The need for sustained support for Scotland's livestock and meat industry must be at the forefront of UK and EU debate over the next few months, says Allan Jess, president of the Scottish Association of Meat Wholesalers (SAMW).
The SAMW president is particularly concerned that any livestock-related decisions reached in Brussels, as part of the current CAP Health Check, take full account of recent reductions in breeding stock numbers in the UK and the impact that such reductions might have on future meat supplies and prices.
Speaking last week, he challenged the retail end of the meat chain to respond to the current increases in cattle prices by delivering increased returns for quality product.

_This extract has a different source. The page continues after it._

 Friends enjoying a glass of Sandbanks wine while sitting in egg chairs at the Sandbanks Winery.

"While this week's pedigree beef sales in Perth continue to highlight the traditional strengths of Scotland's breeding base, the reality of declining commercial cow numbers must be addressed as a matter of urgency if we're to retain our place in both the domestic and international marketplace," he said.
"The scope for some measure of direct support to be given to selected areas of production certainly exists under EU Article 69, the regulation under which Scotland secured its national beef envelope in 2005.

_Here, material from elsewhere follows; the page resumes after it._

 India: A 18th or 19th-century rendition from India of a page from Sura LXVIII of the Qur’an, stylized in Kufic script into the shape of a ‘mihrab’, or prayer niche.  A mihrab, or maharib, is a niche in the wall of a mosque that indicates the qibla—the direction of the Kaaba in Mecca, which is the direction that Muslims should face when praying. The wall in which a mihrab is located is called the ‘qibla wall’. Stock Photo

"Article 69 is also the basis on which several other member states continue to receive targeted support and it's vital that its continued potential in relation to Scottish livestock requirements is explored as part of the Health Check process."
Jess said that SAMW member companies were currently having to deal with tightening supplies of raw materials and rising buying prices, without seeing an equivalent improvement in wholesale or retail values.

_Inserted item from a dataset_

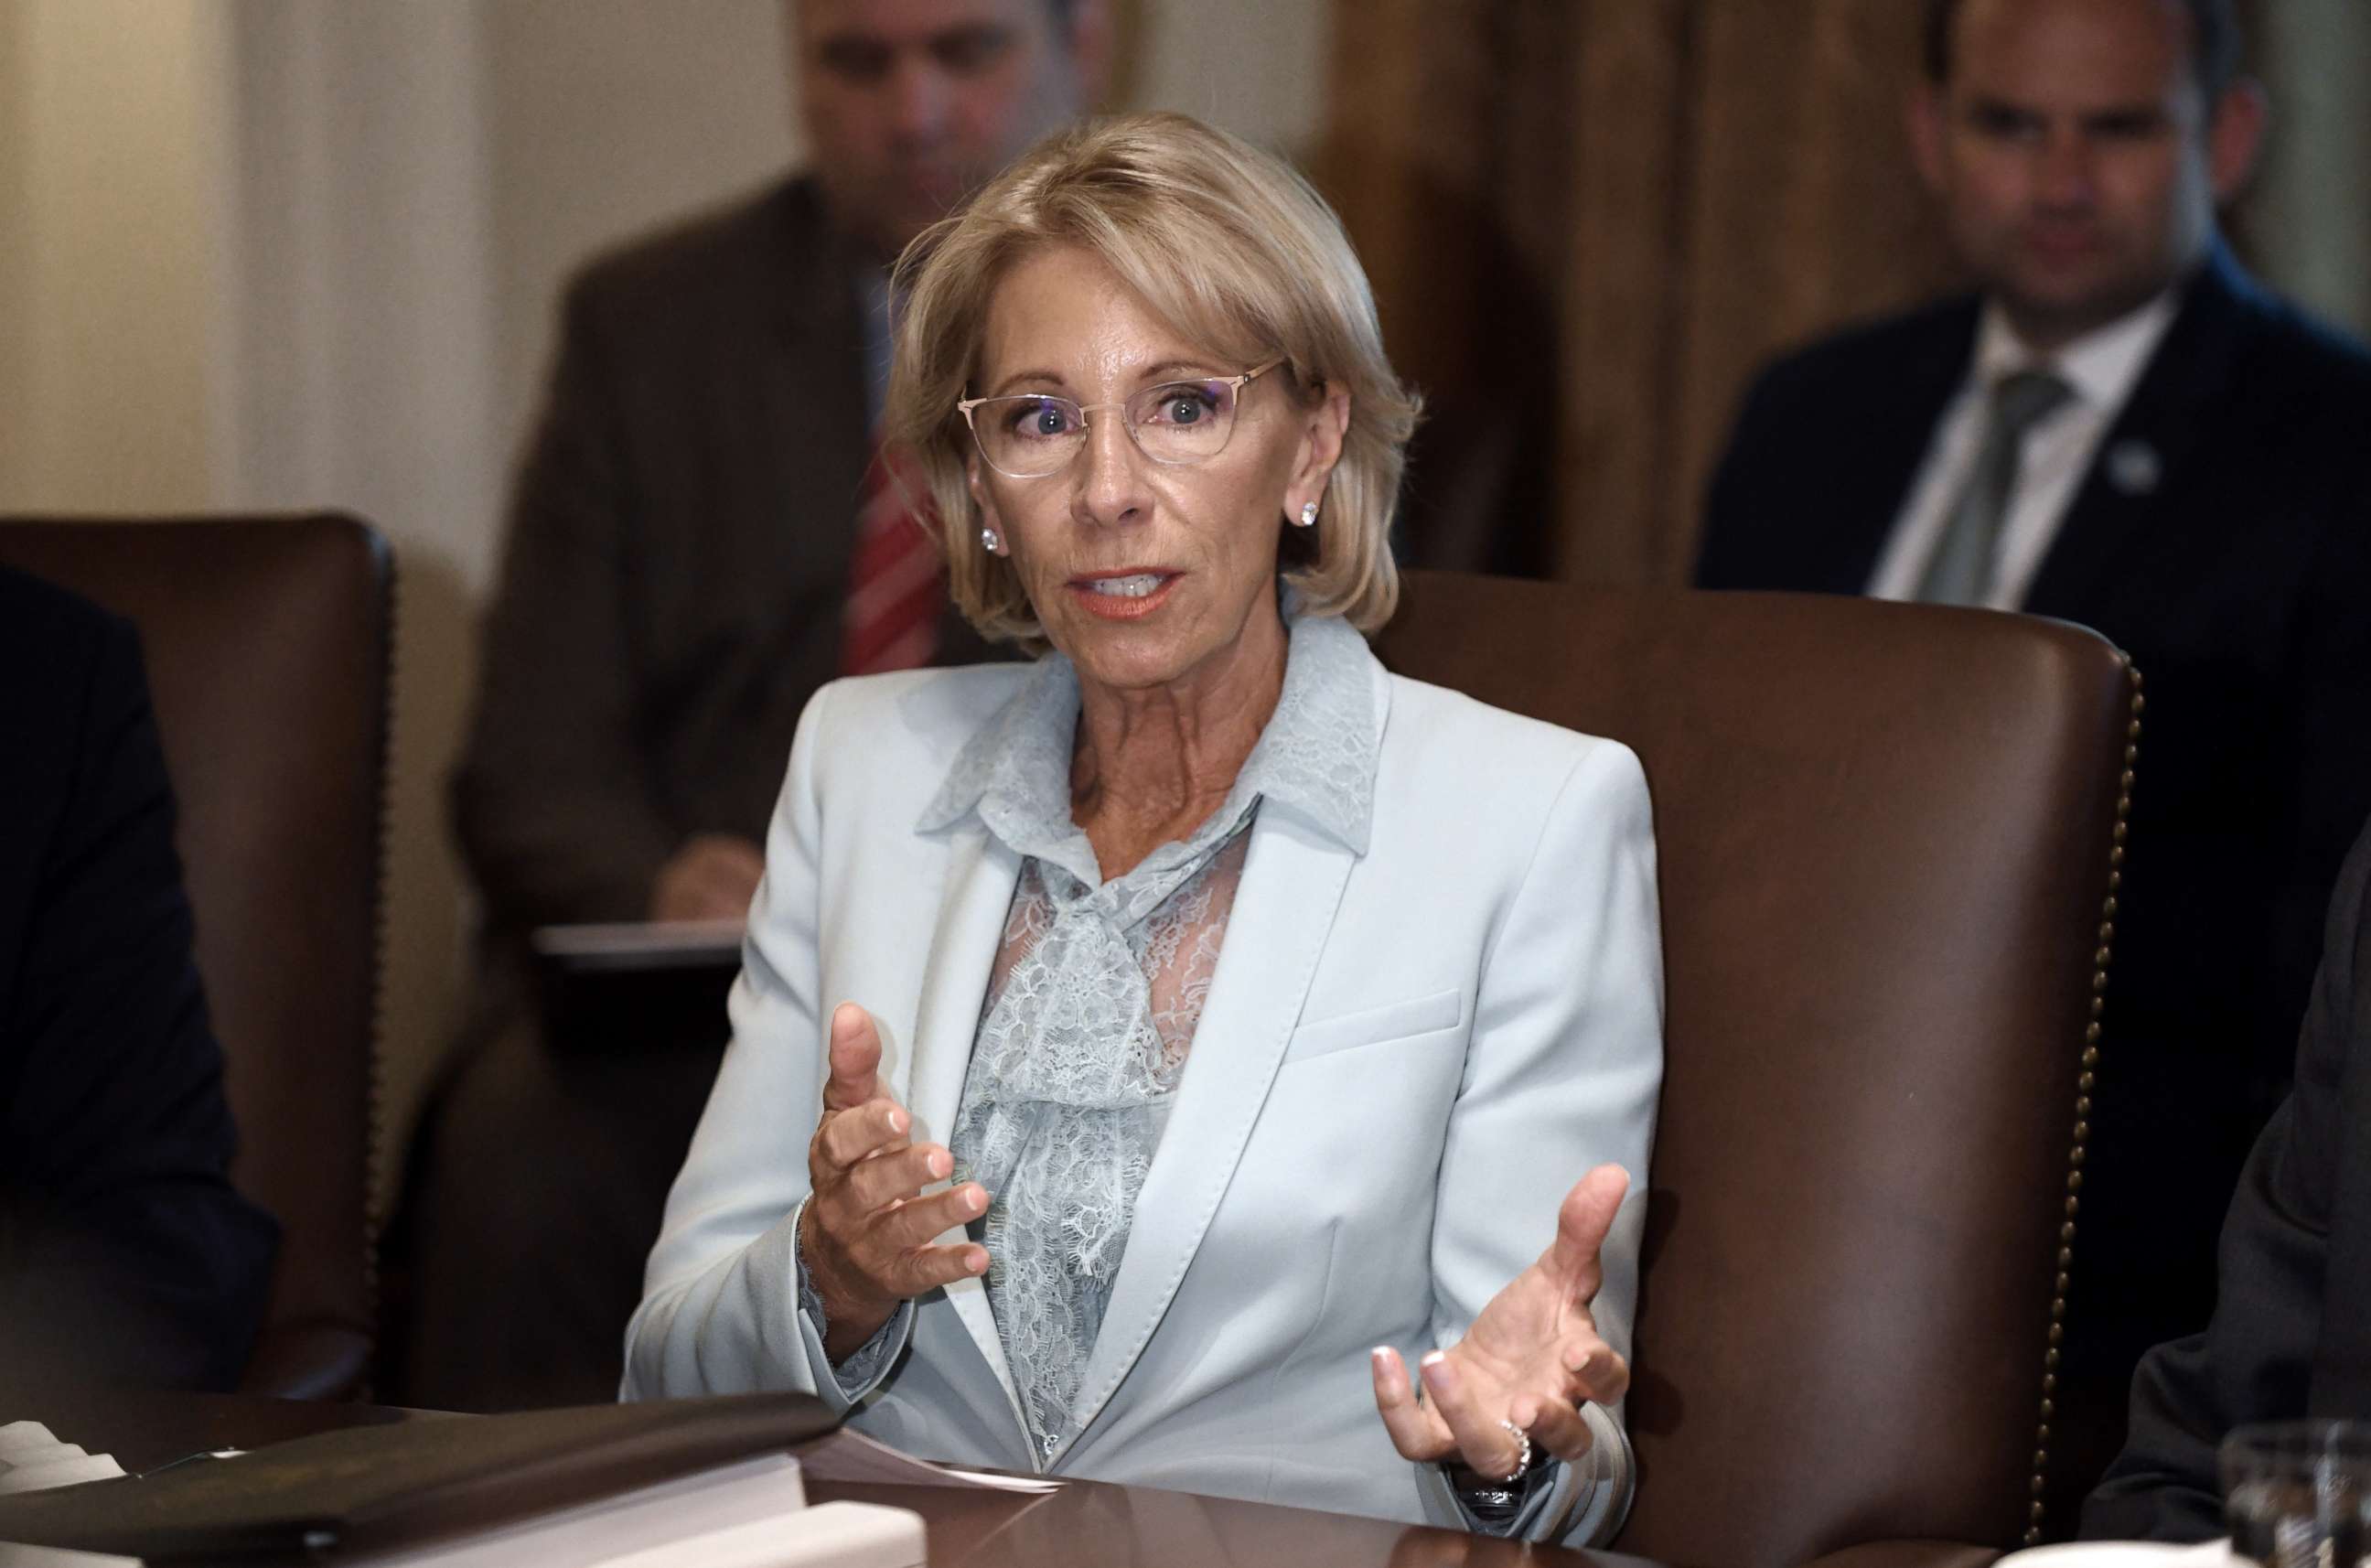 PHOTO: Secretary of Education Betsy DeVos speaks during a cabinet meeting with President Donald Trump in the Cabinet Room of the White House, July 18, 2018 in Washington.

"We've already seen the effect of similar retail price resistance in the dairy sector, where a lot of farmers went out of milk before the end-product buyers accepted the need to start paying more," he said.
"Frankly, the increased cattle prices that SAMW member companies are already paying will need to be reflected in an equivalent advance in retail meat values if we're to avoid a repeat of the dairy sector exodus."
Returning to his Health Check theme, Jess added that any further shift in balance between supply and demand in the meat sector could have a massive impact on the marketplace.
"It's vital that those involved in Health Check discussions understand what is at stake before deals are made and national agreements reached," he said.
"At least three Member States have been operating with a degree of coupled livestock support since the completion of the last CAP reform, giving them an advantage over the UK throughout this period.
"We cannot afford a similar poor solution this time around if we're to see this week's breeding investments in Perth realise their potential to the benefit of the whole industry."